これら以外にも一酸化炭素が発生する状況はあるでしょうし、冬に限ったことでもありませんが、特に上記のようなケースは危険な状況であるといえます。

一酸化炭素中毒を予防するには?

一酸化炭素中毒を未然に防ぐにはどのようにすればいいのでしょうか。

まず大切なのが、常に換気に気を配ることです。一酸化炭素は、不完全燃焼が起こることで発生します。そして、その不完全燃焼は酸素不足が原因となります。酸素を供給することで、一酸化炭素の発生を防ぐことができるというわけです。

換気

キャンプ時にテント内で火器を使用する場合も同様ですが、中が狭い分、換気には特に注意すべきでしょう。基本的には、テント内で火器を使用するのはやめておいたほうが無難です。

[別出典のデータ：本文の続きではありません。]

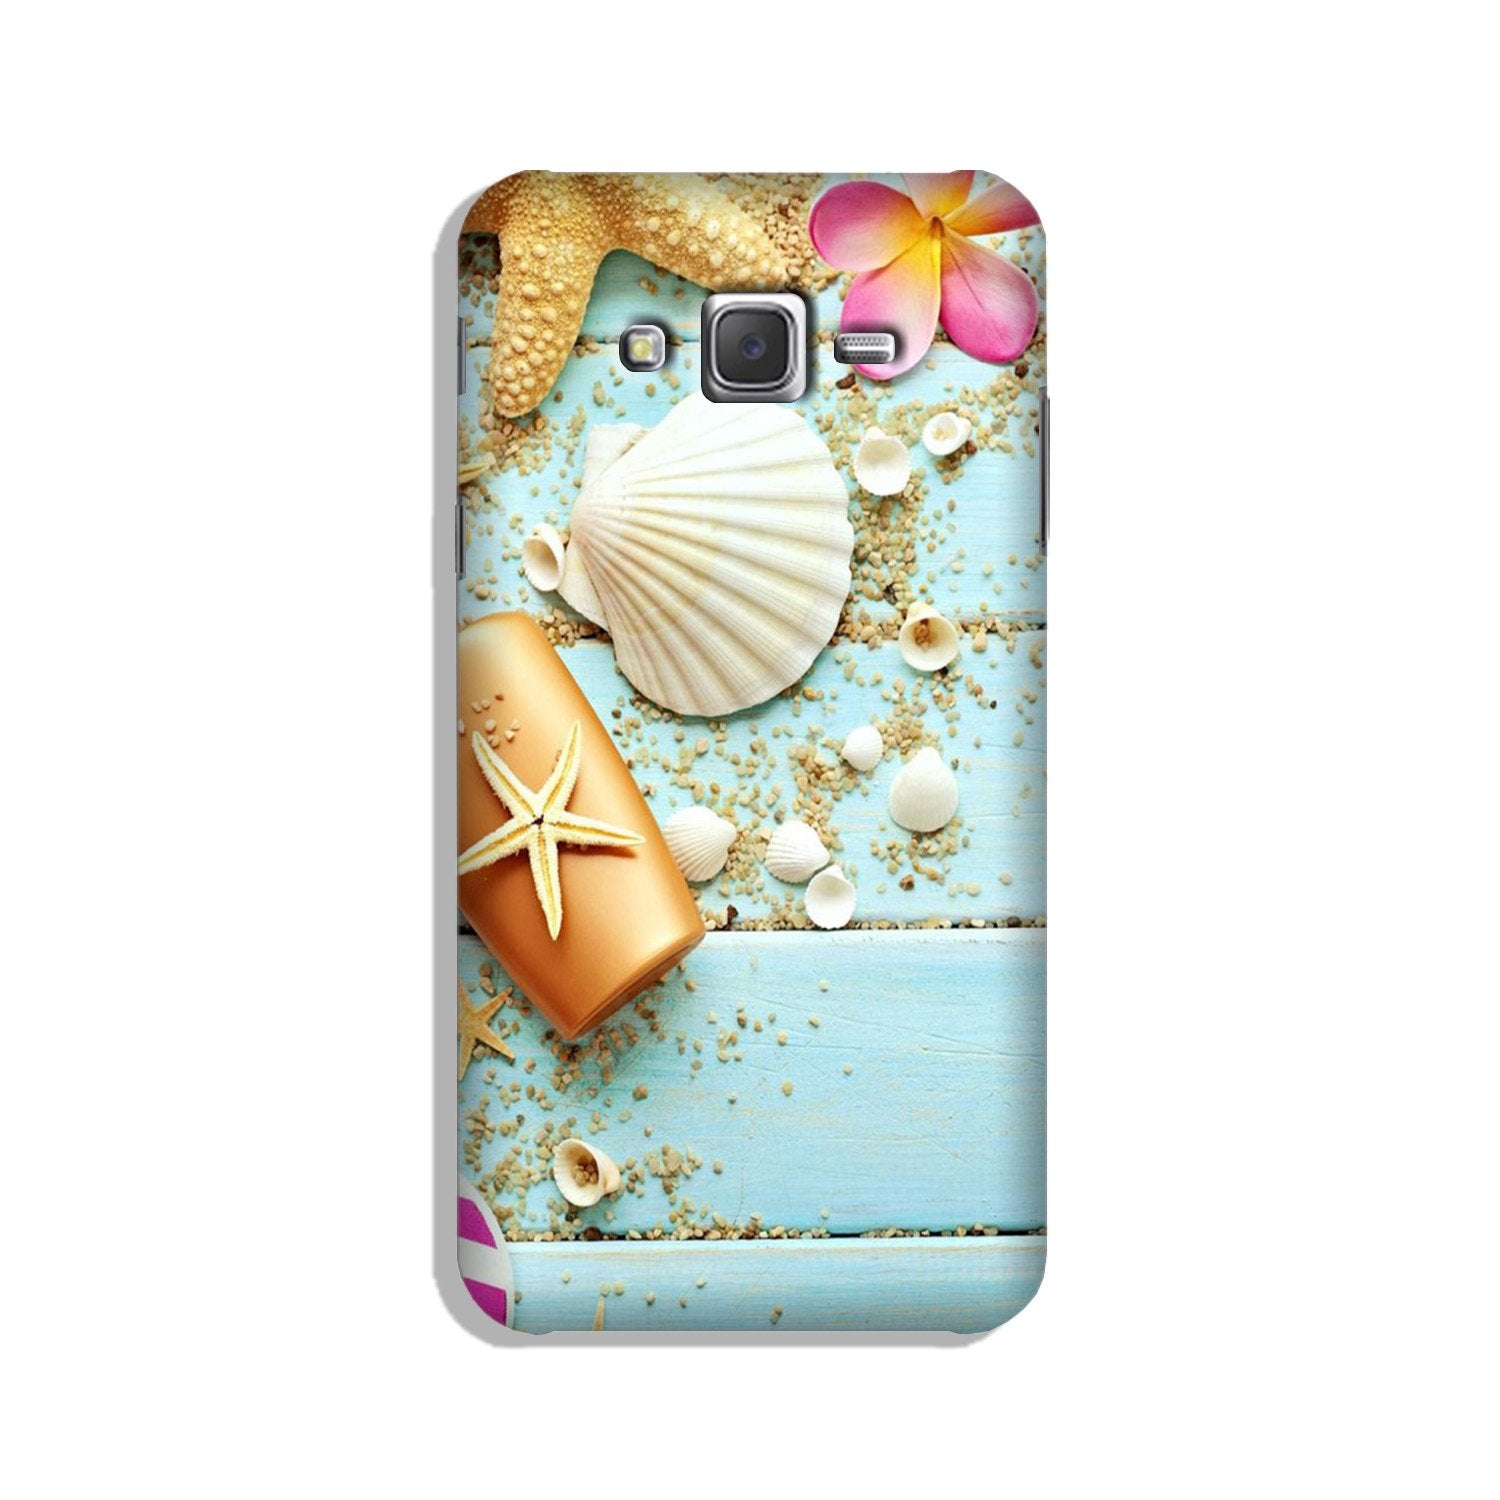 Sea Shells Case for Galaxy J7 (2015)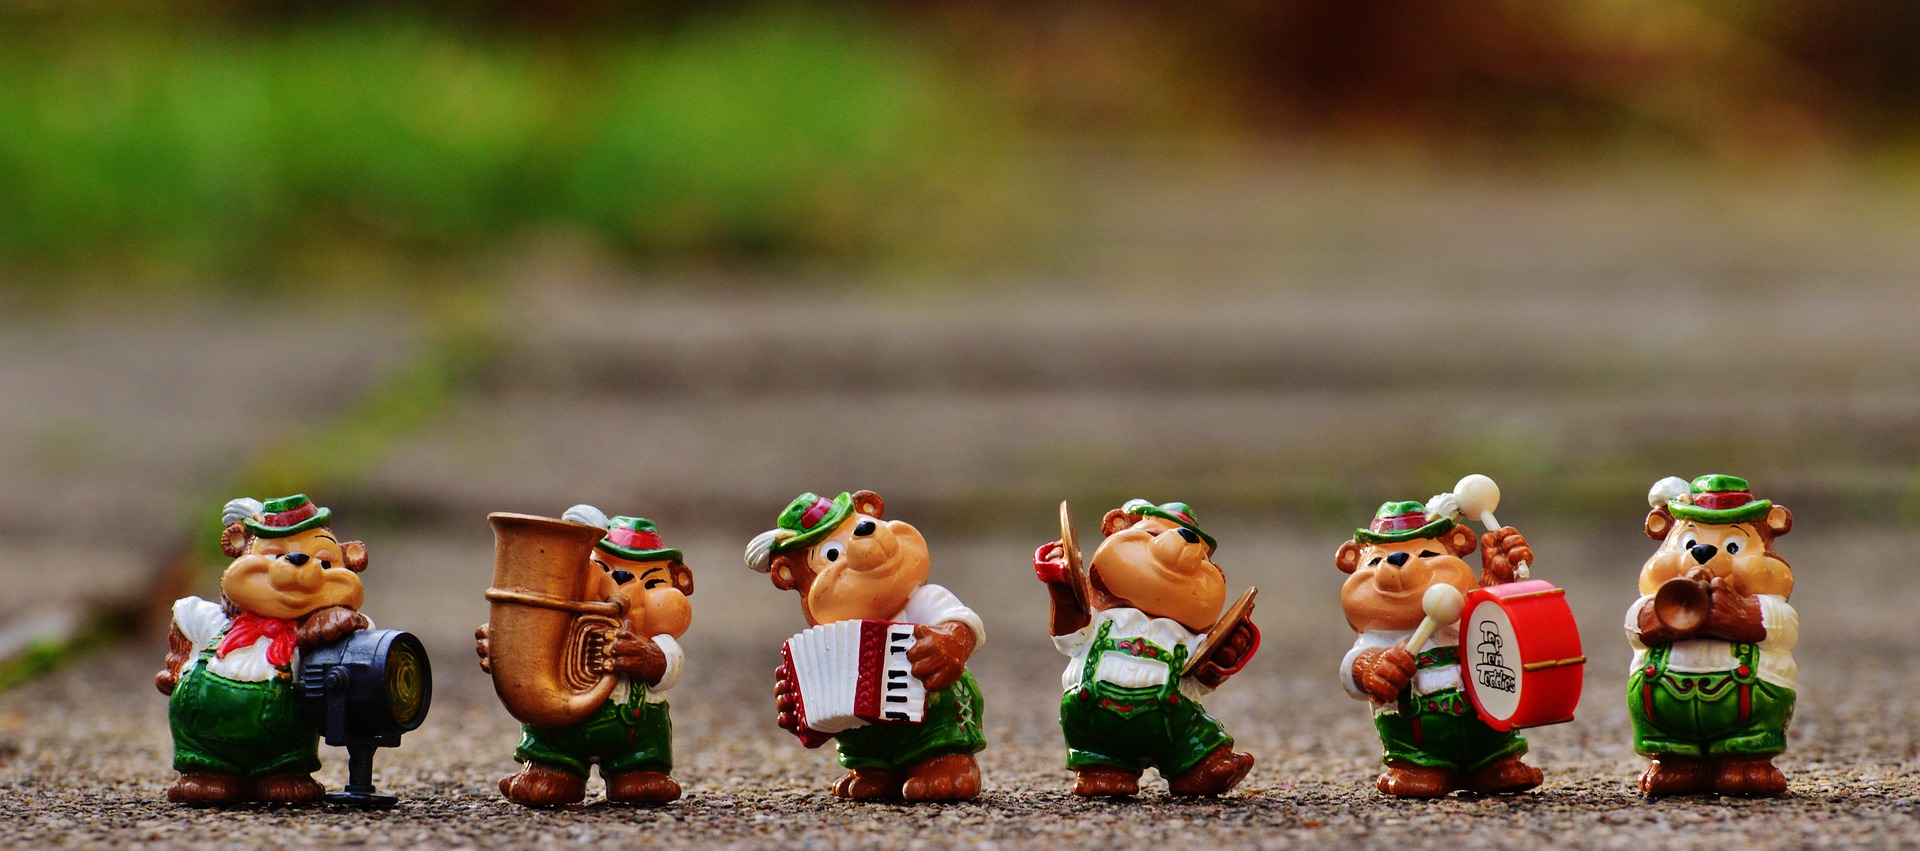 Hier sehen sie fünf Bärenfiguren mit Musikinstrumenten

それでも使用するのなら、一酸化炭素警報機を用意しておくことをおすすめします。通販サイトなどで簡単に手に入りますし、冬場にキャンプに行くならなるべく携帯しておきましょう。

車に乗り大雪で立ち往生しているケースでは、エンジンを切るのが最善策です。しかし当然ながら暖房は使えなくなってしまいます。雪が降る地域では、こういった非常時に備えて、毛布や防寒着などを車内に用意しておくのが賢明かもしれません。どうしても暖房を使いたいのなら、マフラー周辺をこまめに除雪するというのも有効なようです。

一酸化炭素は有毒な物質であるという認識を常に持って、日頃から意識して中毒の予防に気を配っていきましょう。